When UBS was fined at the end of 2012 for manipulating interest rates, they were also forced to reveal documents showing conversations between their traders and brokers.
Here are four quotes from them that may seem fake because they are so stupid. But, in fact, they’re real quotes. (source)
“I need you to keep it as low as possible… if you do that…. I’ll pay you, you know, 50,000 dollars, 100,000 dollars… whatever you want…”
“as i said before – i dun mind helping on your fixings…”
“Anytime i can return the favour let me know…”
“JUST BE CAREFUL DUDE… i agree we shouldnt ve been talking about putting fixings for our positions on public chat…”
It’s amazing that these “dudes” are given millions of dollars to push around and speculate with, isn’t it?
According to a CFTC report, RBS placed derivatives traders on the same desk as the people submitting the Libor interest rate.
This setup allowed the traders to make a trade and then ask the submitters to manipulate the interest rate to their advantage (and to someone else’s—a competing hedge fund’s, for instance—disadvantage). Even after RBS placed the traders away from the submitters, however, the manipulation continued through instant messaging.

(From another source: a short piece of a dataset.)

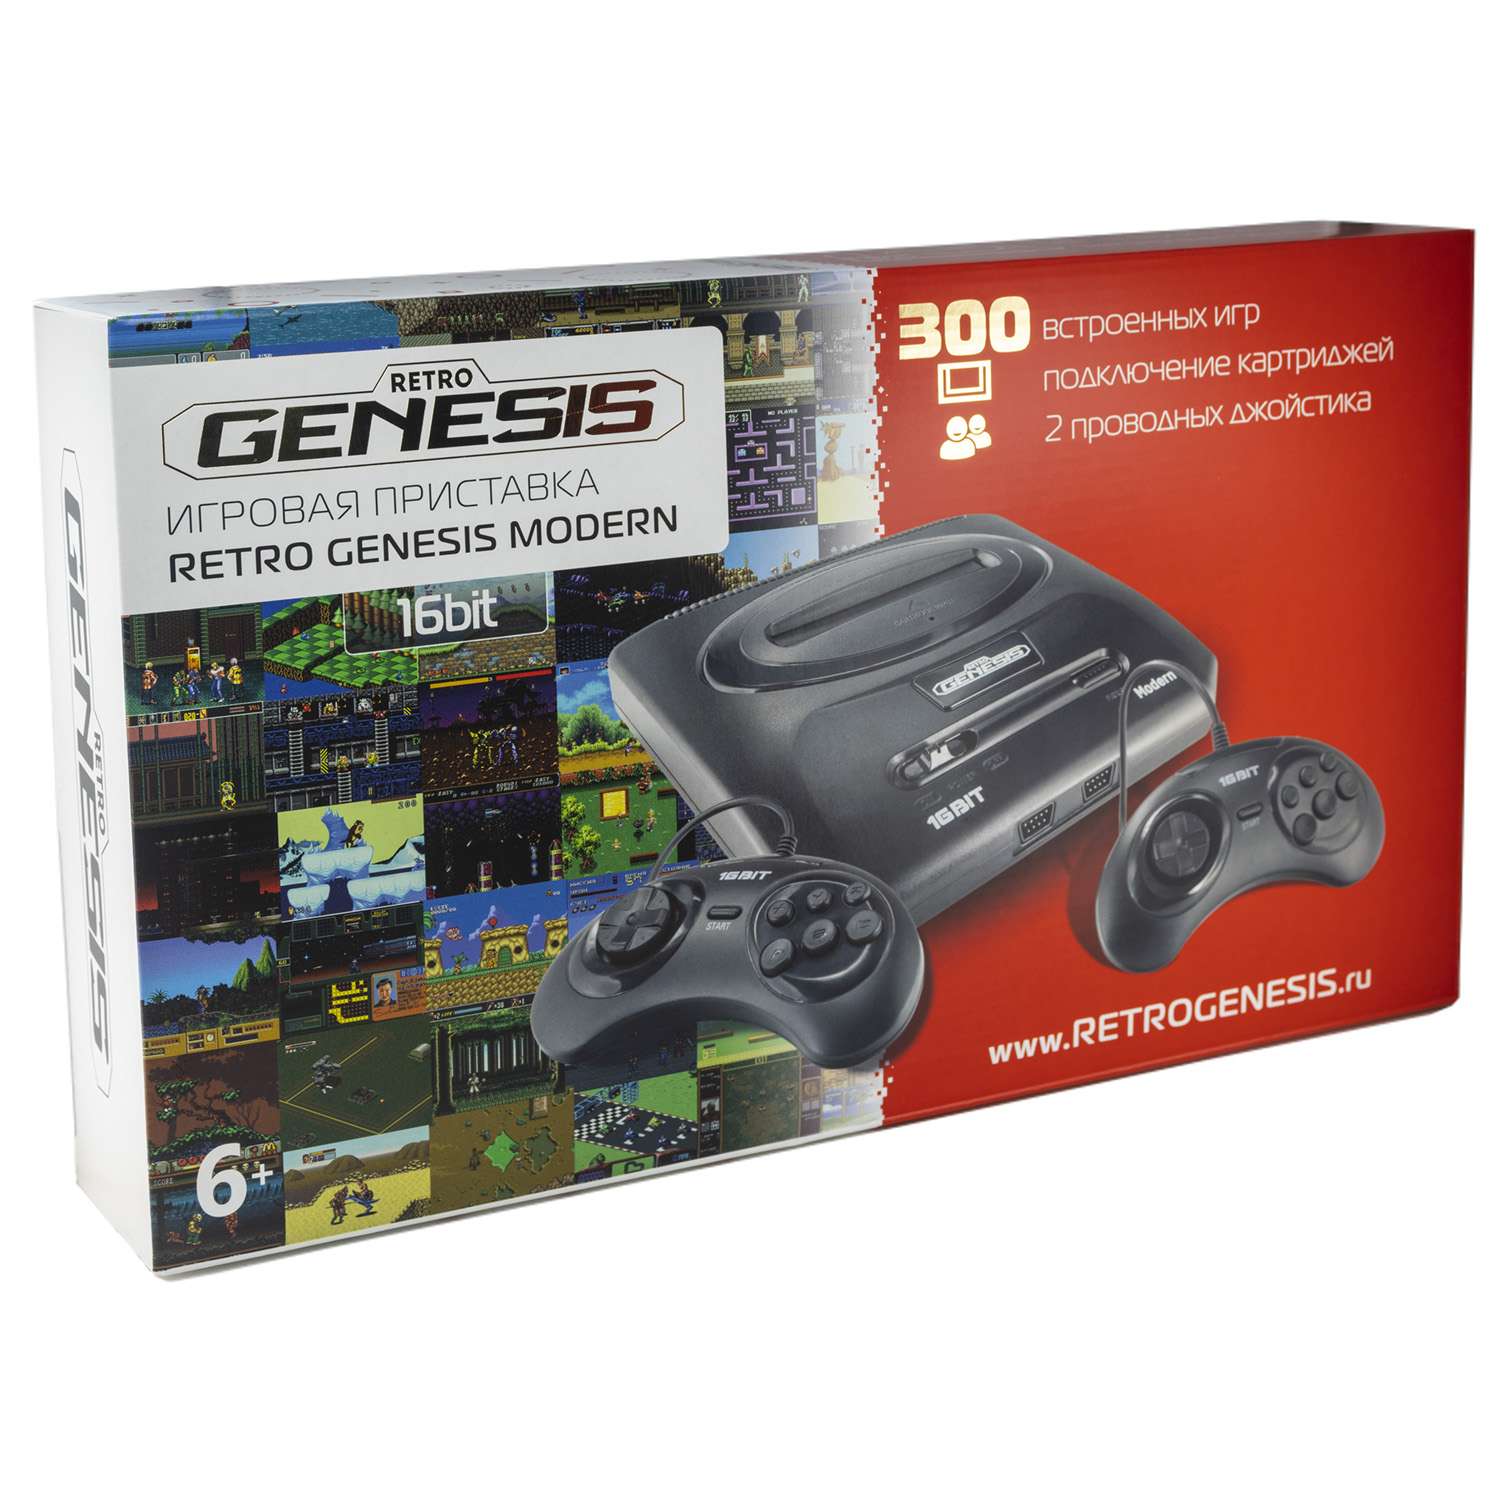 Игровая приставка для детей Retro Genesis SEGA Retro Genesis Modern + 300 игр + 2 джойстика модель: ZD-04a Серия: ZD-00 - фото 2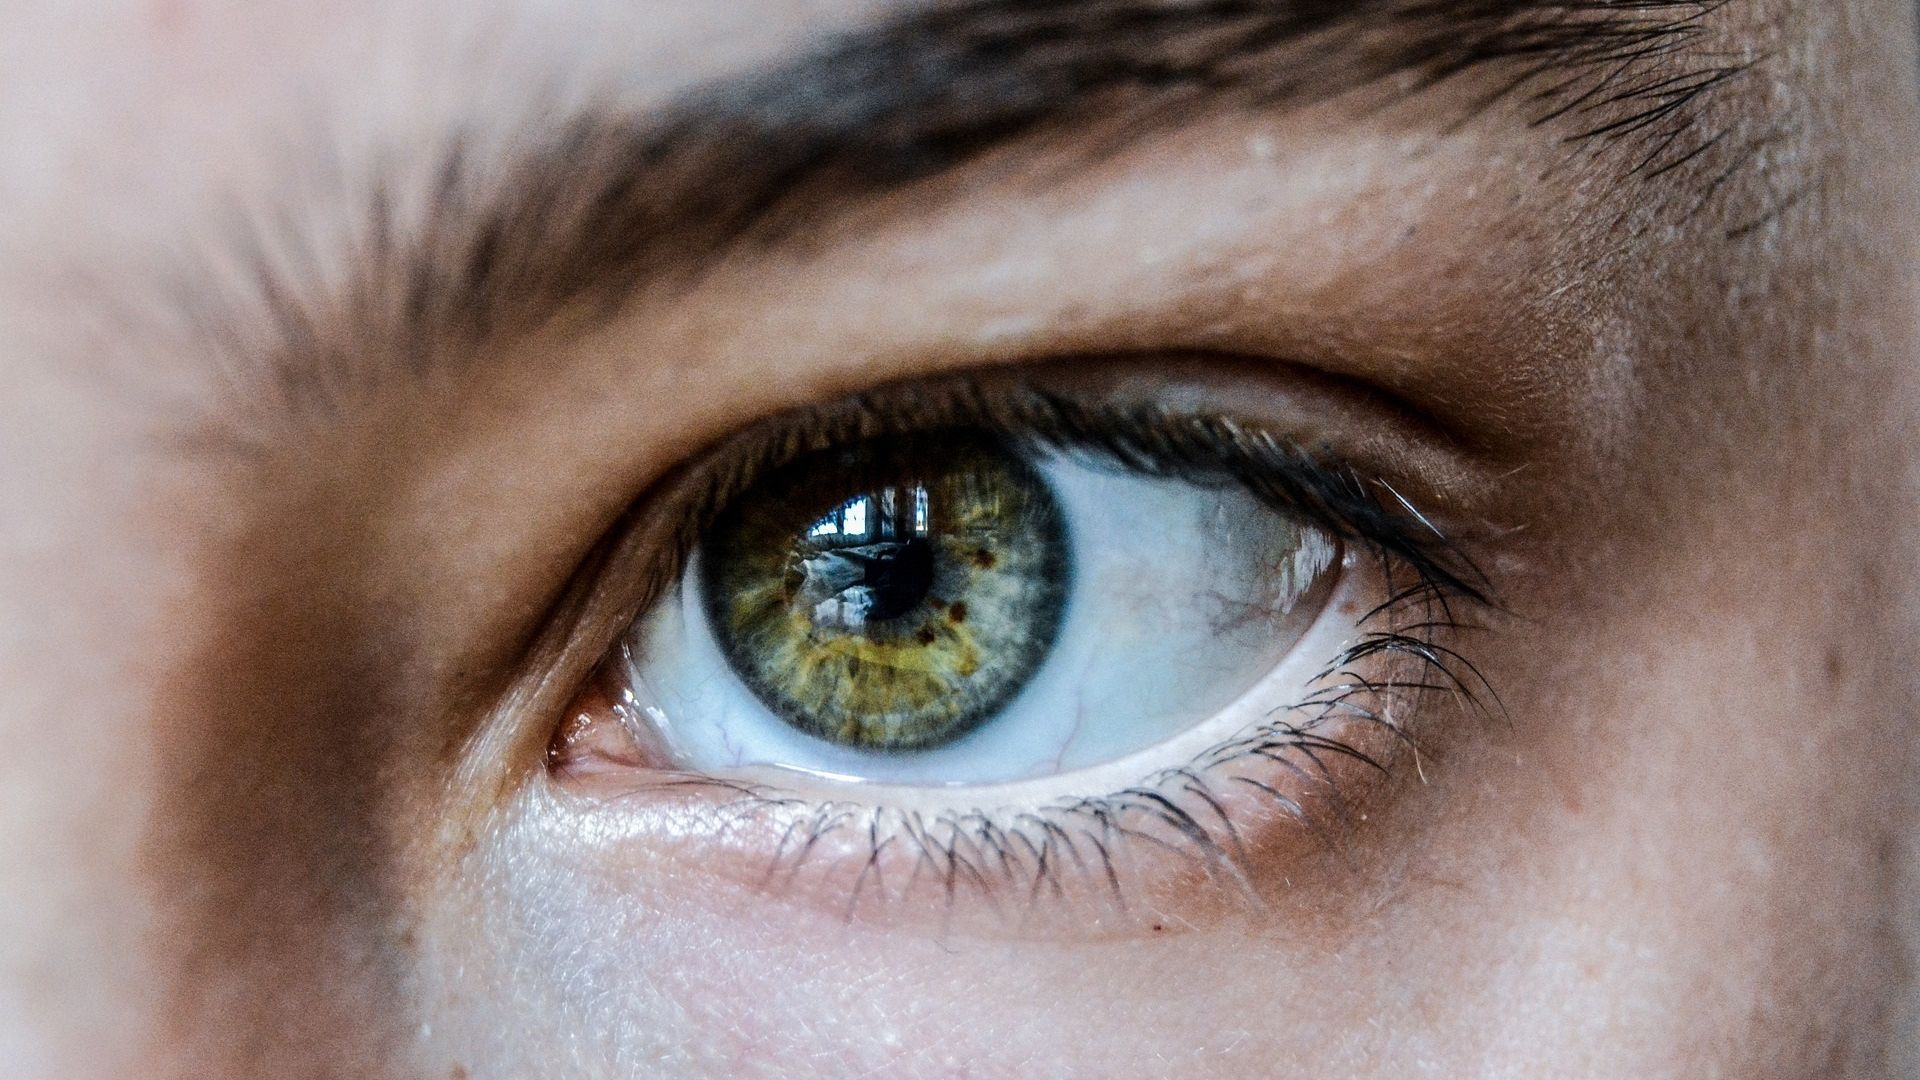 Białka ludzkich oczu są cechą ewolucyjną związaną z językiem

Here are some highlights from the messages. No corrections have been made to grammatical, syntax errors:
August 20th, 2007
Senior Yen Trader: its just amazing how libor fixing can make you that much money
Senior Yen Trader: its a cartel now in london
December 5, 2007
Yen Trader 2: FYI libors higher again today
Yen Trader 4: ‘ucksake. keep ours low if poss. don’t understand why needs to go up in yen
Yen Trader 2: no reason dude[,] [Bank C] and [Bank D] went high yest
Yen Trader 4: send the boys round
Yen Manager: pure manipulation going on
April 2, 2008
Senior Yen Trader: i am sure some HF [hedge fund] will complain tomorrow ..
Yen Trader 1: tough
Senior Yen Trader: we will say we lower every tenor ..1m 3m 6m ..we feel rbs name has very good credit ..no problem getting money in
Senior Yen Trader: good way to boost share price!
This sample gives a sense for what was going on. See the full CFTC report for more.
The point here isn’t that Wall Street traders are naughty alpha males (though many are). The point here is that these are some of the guys behind trades on Wall Street. This alpha male culture is embedded at least to some extent at all megabanks with trading floors: JPMorgan Chase, Citi, Bank of America, Goldman Sachs, Morgan Stanley.
These are some of the guys who are speculating in the market. These are some of the guys who have blown up firms over and over and over and over (see our derivatives timeline).
These are the firms people should boycott and support local lenders in their stead. People who have loans or deposits with these megabanks are casting their vote for this kind of a “value only equals money” culture.